FIGURE 2.1: Value Types Contain the Data Directly

Similarly, passing a value type to a method such as Console.WriteLine() will also result in a memory copy, and any changes to the parameter inside the method will not affect the original value within the calling function. Since value types require a memory copy, they generally should be defined to consume a small amount of memory; value types should almost always be less than 16 bytes in size.

Reference Types

By contrast, the value of a reference type is a reference to a storage location that contains data. Reference types store the reference where the data is located instead of storing the data directly, as value types do. Therefore, to access the data, the runtime will read the memory location out of the variable and then “jump” to the location in memory that contains the data. The memory area of the data a reference type points to is called the heap (see Figure 2.2).

Image

FIGURE 2.2: Reference Types Point to the Heap

A reference type does not require the same memory copy of the data that a value type does, which makes copying reference types far more efficient than copying large value types. When assigning the value of one reference type variable to another reference type variable, only the reference is copied, not the data referred to. In practice, a reference is always the same size as the “native size” of the processor: A 32-bit processor will copy a 32-bit reference and a 64-bit processor will copy a 64-bit reference, and so on. Obviously, copying the small reference to a large block of data is faster than copying the entire block, as a value type would.

Since reference types copy a reference to data, two different variables can refer to the same data. If two variables refer to the same object, changing a field of the object through one variable causes the effect to be seen when accessing the field via another variable.
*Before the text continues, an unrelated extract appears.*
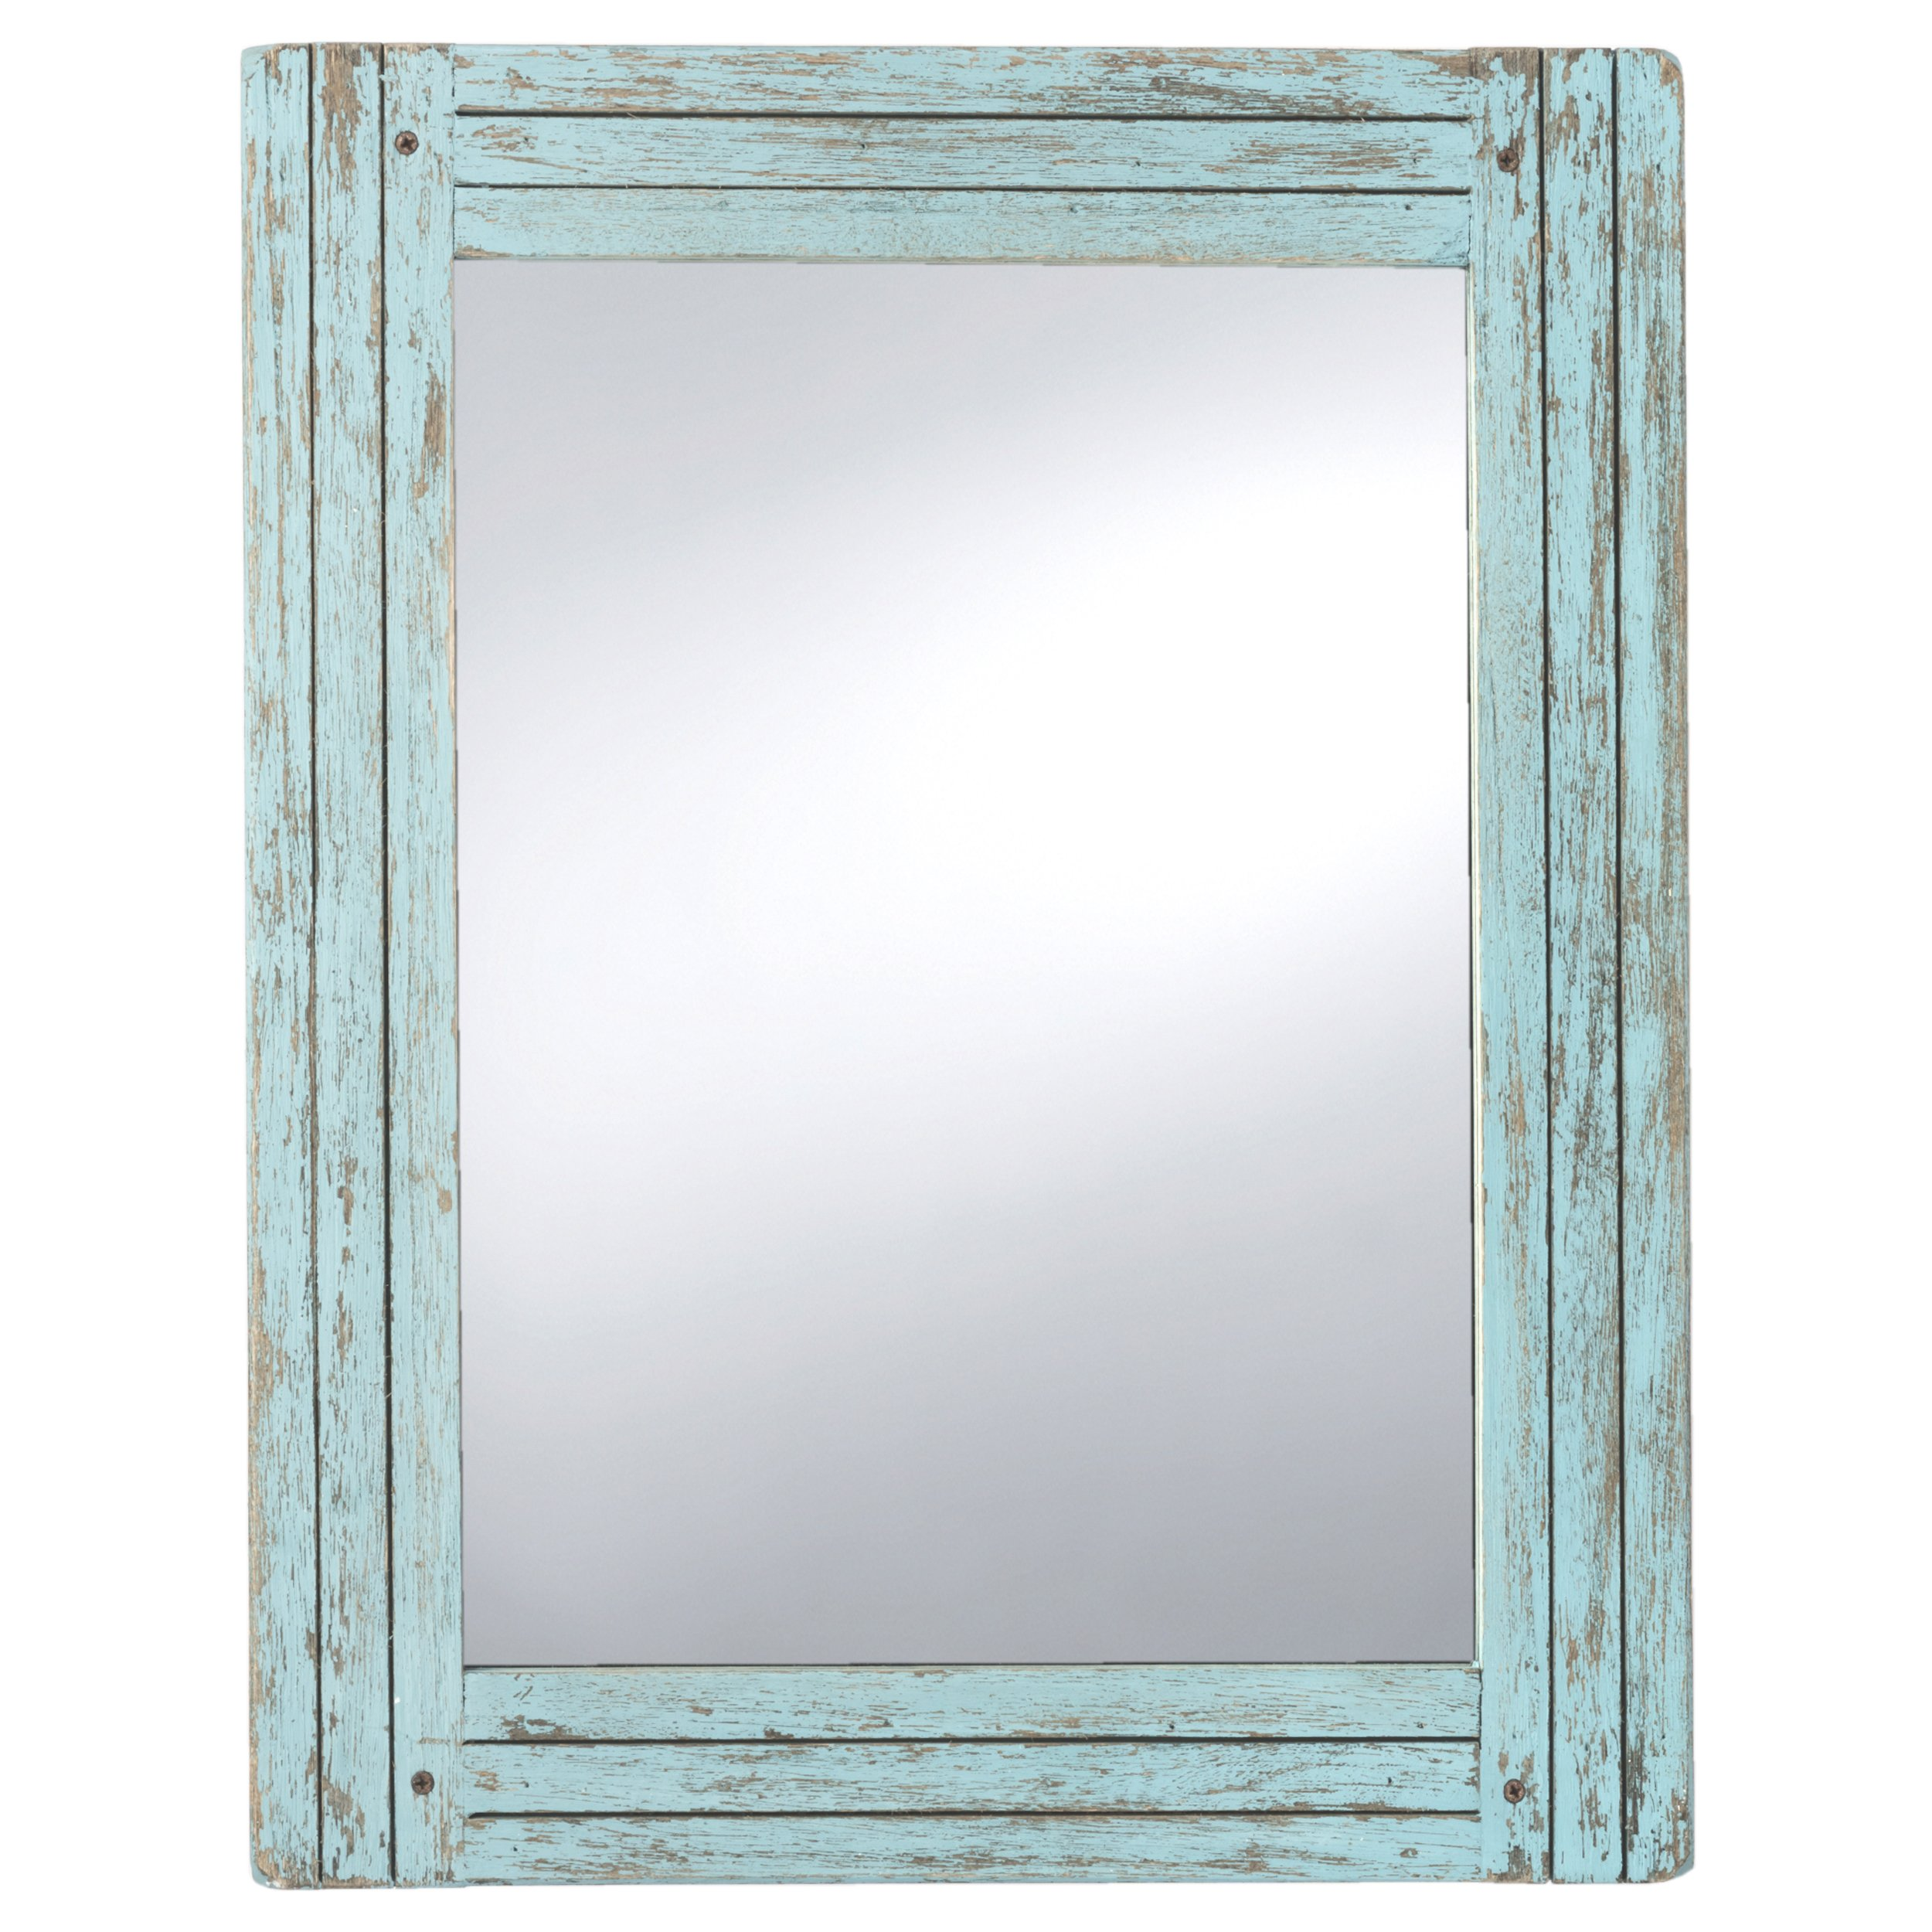 Prinz 18.5'' x 23.5'' Blue Water's Edge Homestead Mirror Distressed Wood by PRINZ (Image #1)

This happens both for assignment and for method calls. Therefore, a method can affect the data of a reference type, and that change can be observed when control returns to the caller. For this reason, a key factor when choosing between defining a reference type or a value type is whether the object is logically like an immutable value of fixed size (and therefore possibly a value type), or logically a mutable thing that can be referred to (and therefore likely to be a reference type).

Besides string and any custom classes such as Program, all types discussed so far are value types. However, most types are reference types. Although it is possible to define custom value types, it is relatively rare to do so in comparison to the number of custom reference types.

Begin 2.0

Nullable Modifier

Value types cannot usually be assigned null because, by definition, they cannot contain references, including references to nothing. However, this presents a problem because we frequently wish to represent values that are “missing.” When specifying a count, for example, what do you enter if the count is unknown? One possible solution is to designate a “magic” value, such as -1 or int.MaxValue, but these are valid integers. Rather, it is desirable to assign null to the value type because it is not a valid integer.

To declare variables of value type that can store null, you use the nullable modifier, ?. This feature, which was introduced with C# 2.0, appears in Listing 2.20.

LISTING 2.20: Using the Nullable Modifier


static void Main()
{
int? count = null;
do
{
// ...
}
while(count == null);
}


Assigning null to value types is especially attractive in database programming. Frequently, value type columns in database tables allow null values. Retrieving such columns and assigning them to corresponding fields within C# code is problematic, unless the fields can contain nullas well. Fortunately, the nullable modifier is designed to handle such a scenario specifically.

End 2.0

Conversions between Data Types

Given the thousands of types predefined in the various CLI implementations and the unlimited number of types that code can define, it is important that types support conversion from one type to another where it makes sense. The most common operation that results in a conversion iscasting.

Consider the conversion between two numerical types: converting from a variable of type long to a variable of type int. A long type can contain values as large as 9,223,372,036,854,775,808; however, the maximum size of an int is 2,147,483,647. As such, that conversion could result in a loss of data—for example, if the variable of type long contains a value greater than the maximum size of an int. Any conversion that could result in a loss of magnitude or an exception because the conversion failed, requires an explicit cast. Conversely, a conversion operation that will not lose magnitude and will not throw an exception regardless of the operand types is an implicit conversion.

Explicit Cast

In C#, you cast using the cast operator. By specifying the type you would like the variable converted to within parentheses, you acknowledge that if an explicit cast is occurring, there may be a loss of precision and data, or an exception may result. The code in Listing 2.21 converts a long to an int and explicitly tells the system to attempt the operation.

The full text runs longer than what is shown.